## Provided material
+++

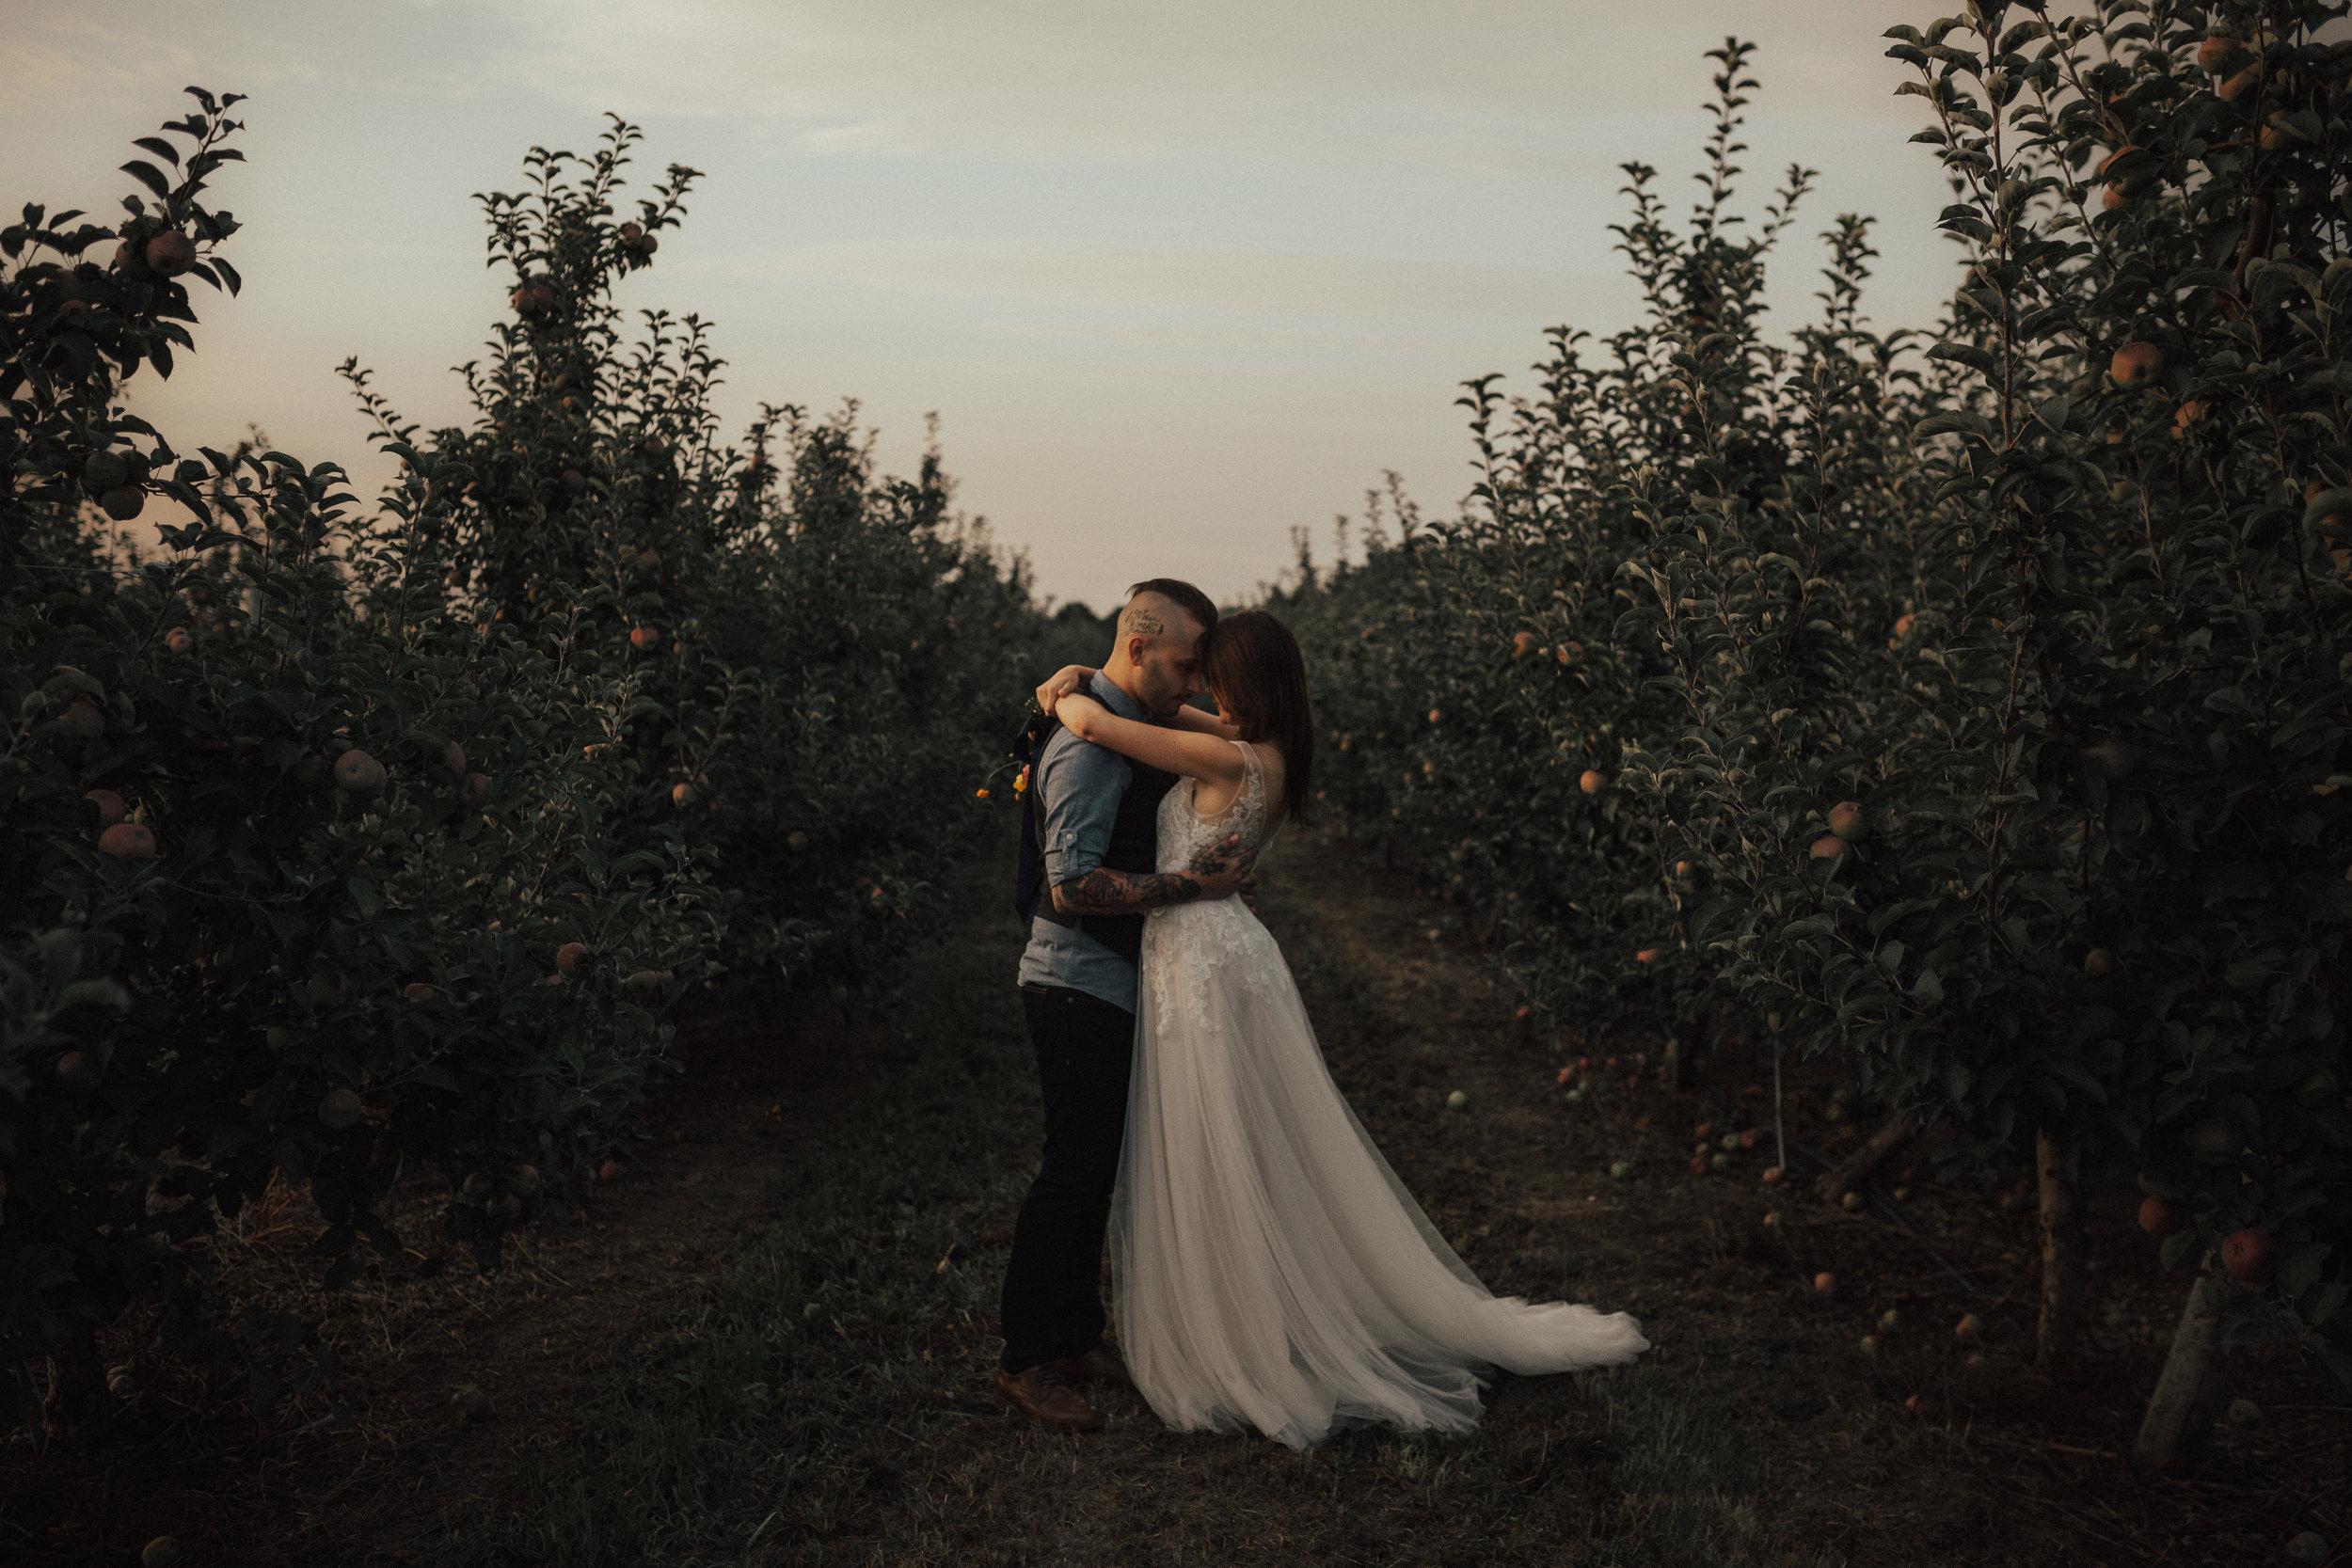 upstate_new_york_wedding_photos_0016.JPG
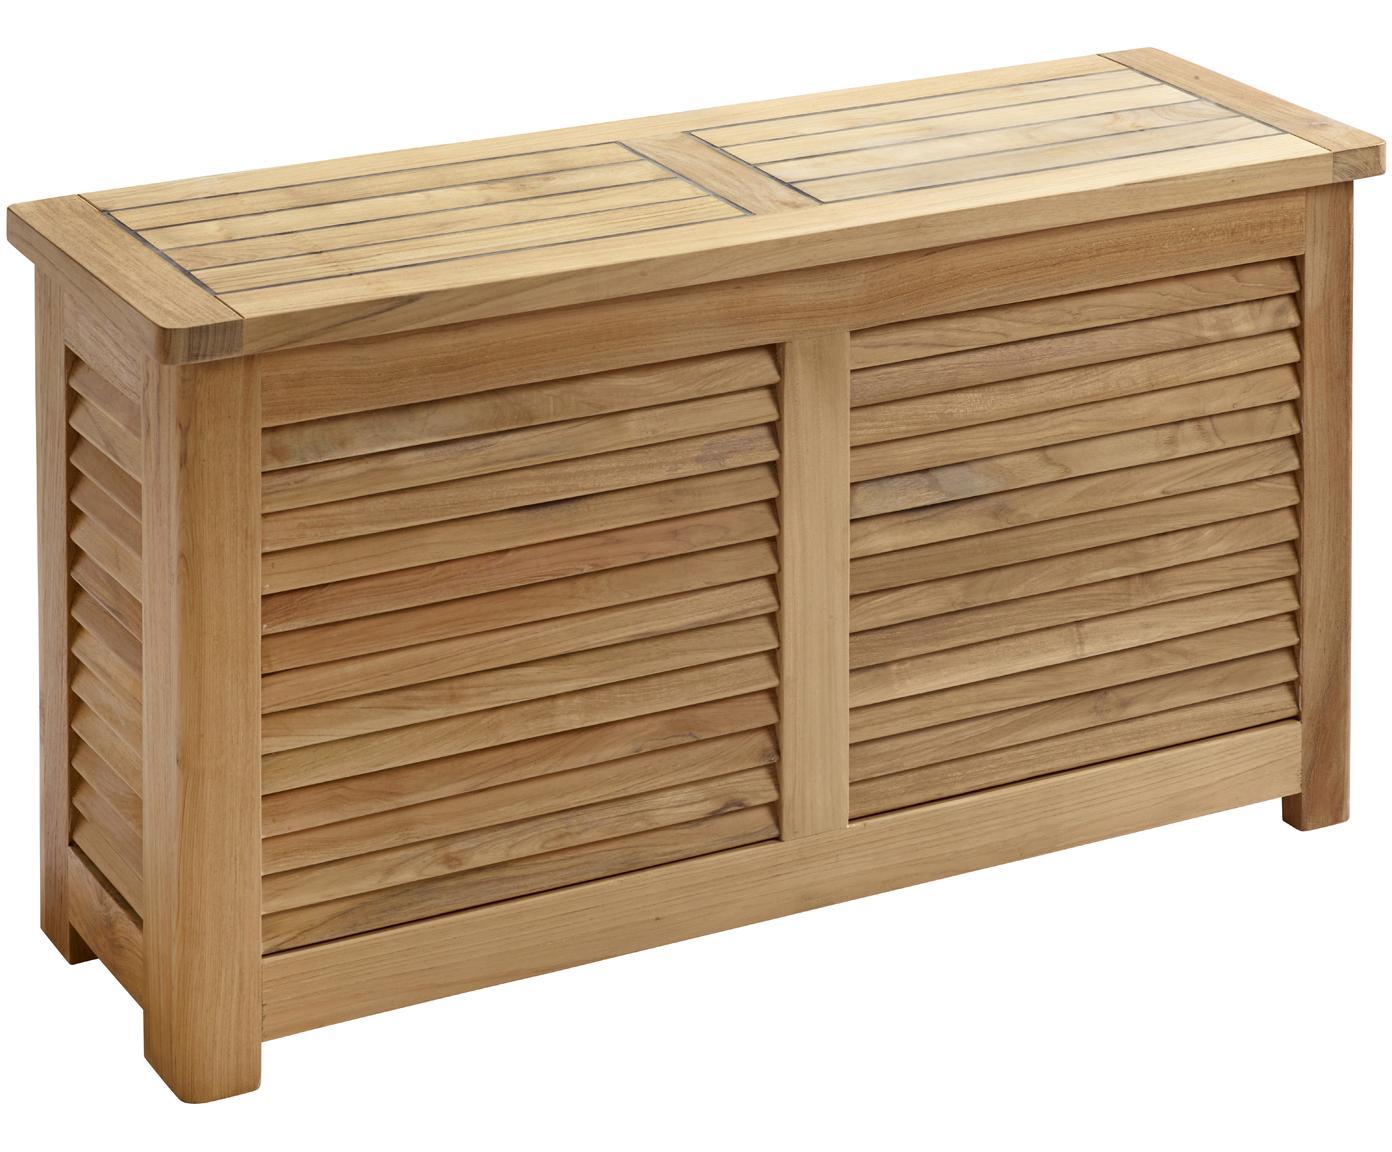 Cassapanca da giardino in legno Storage, Teak, Larg. 90 x Alt. 48 cm
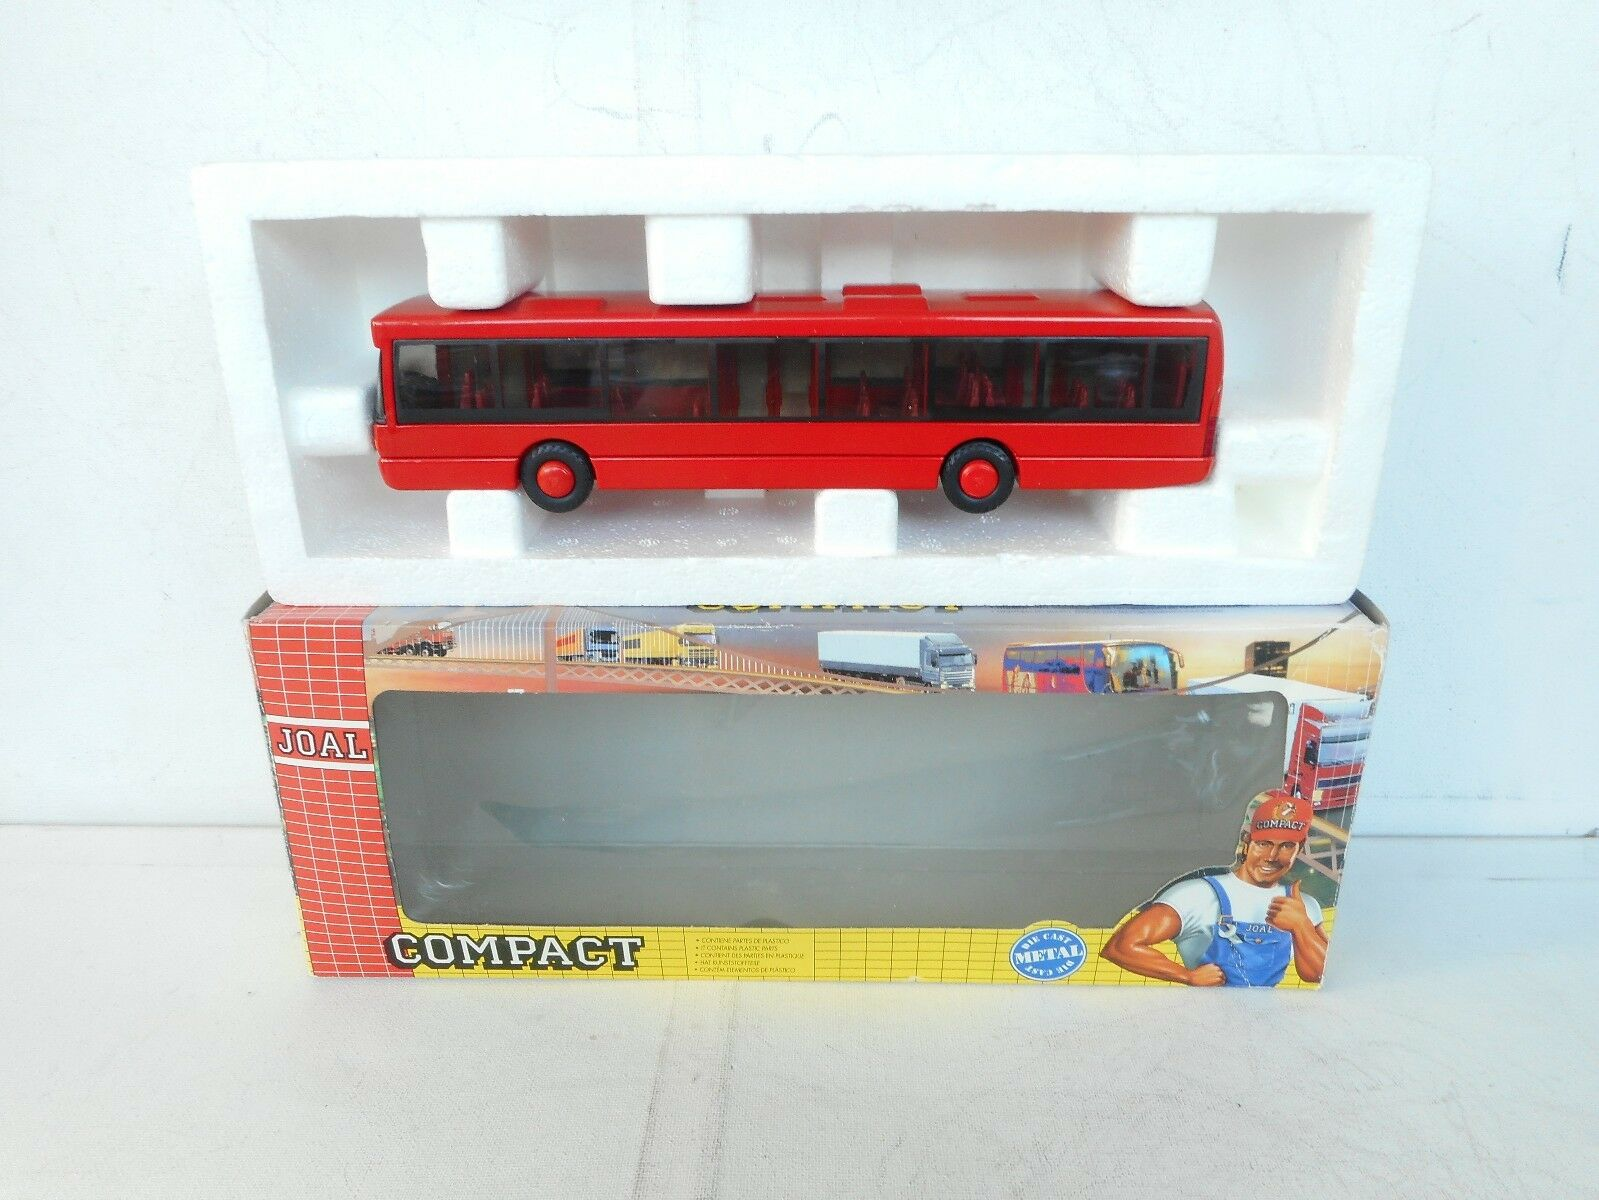 JOAL JOAL JOAL Compact Ref 155 SCANIA OMNICITY Autobus  RED LINE  NM  Boxed 1 50 b91cff
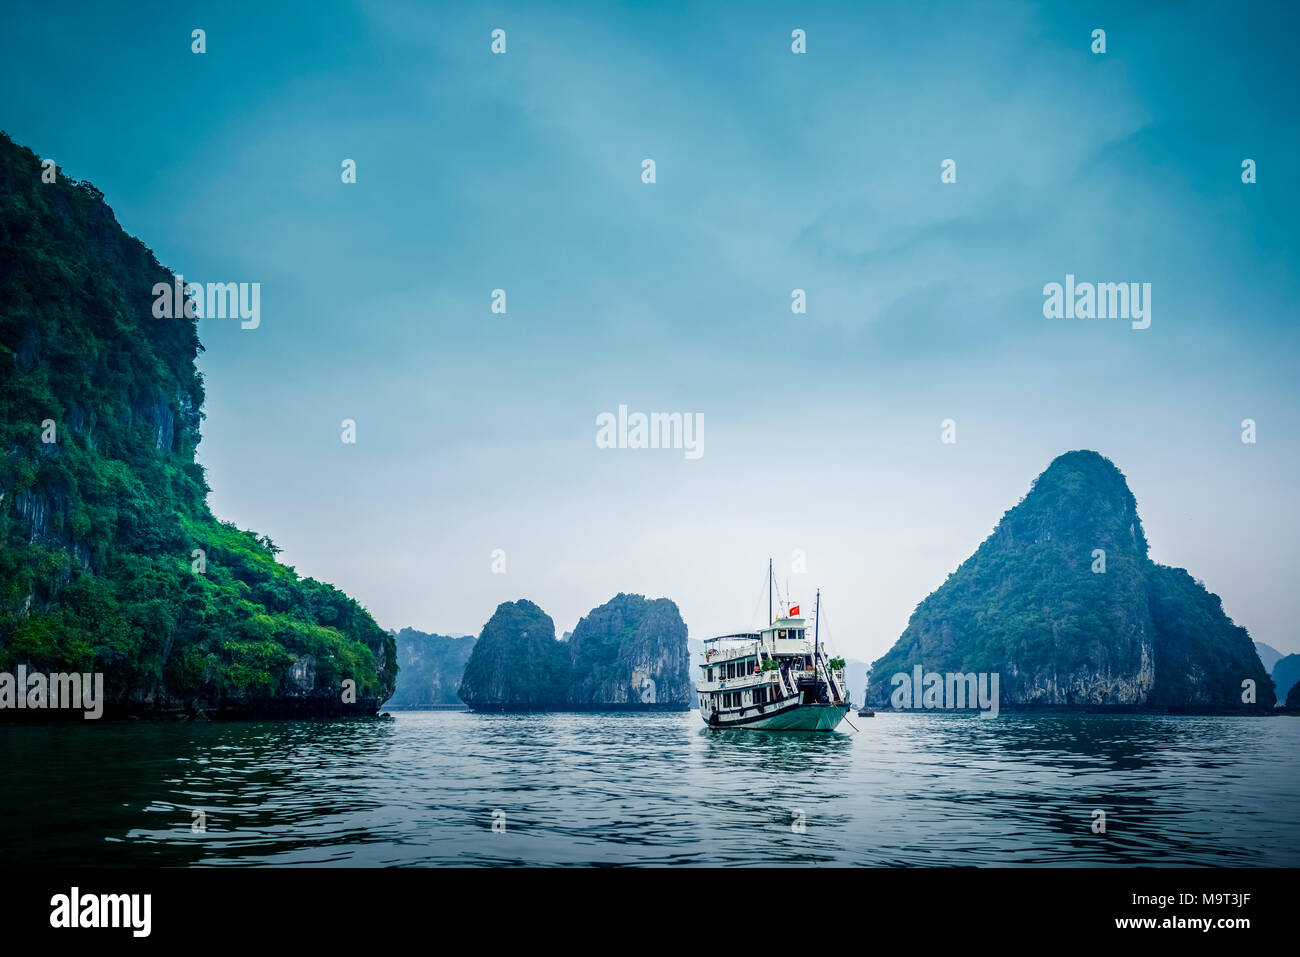 Asien, Vietnam, Quang Ninh Provinz, Halong-Bucht - Stock Image

+++

## Problem to work on
Working from the material above, transcribe it exactly while omitting pictures.

## Answer to this task
 upstate_new_york_wedding_photos_0016.JPG
 Cassapanca da giardino in legno Storage, Teak, Larg. 90 x Alt. 48 cm
 JOAL JOAL JOAL Compact Ref 155 SCANIA OMNICITY Autobus  RED LINE  NM  Boxed 1 50 b91cff
 Asien, Vietnam, Quang Ninh Provinz, Halong-Bucht - Stock Image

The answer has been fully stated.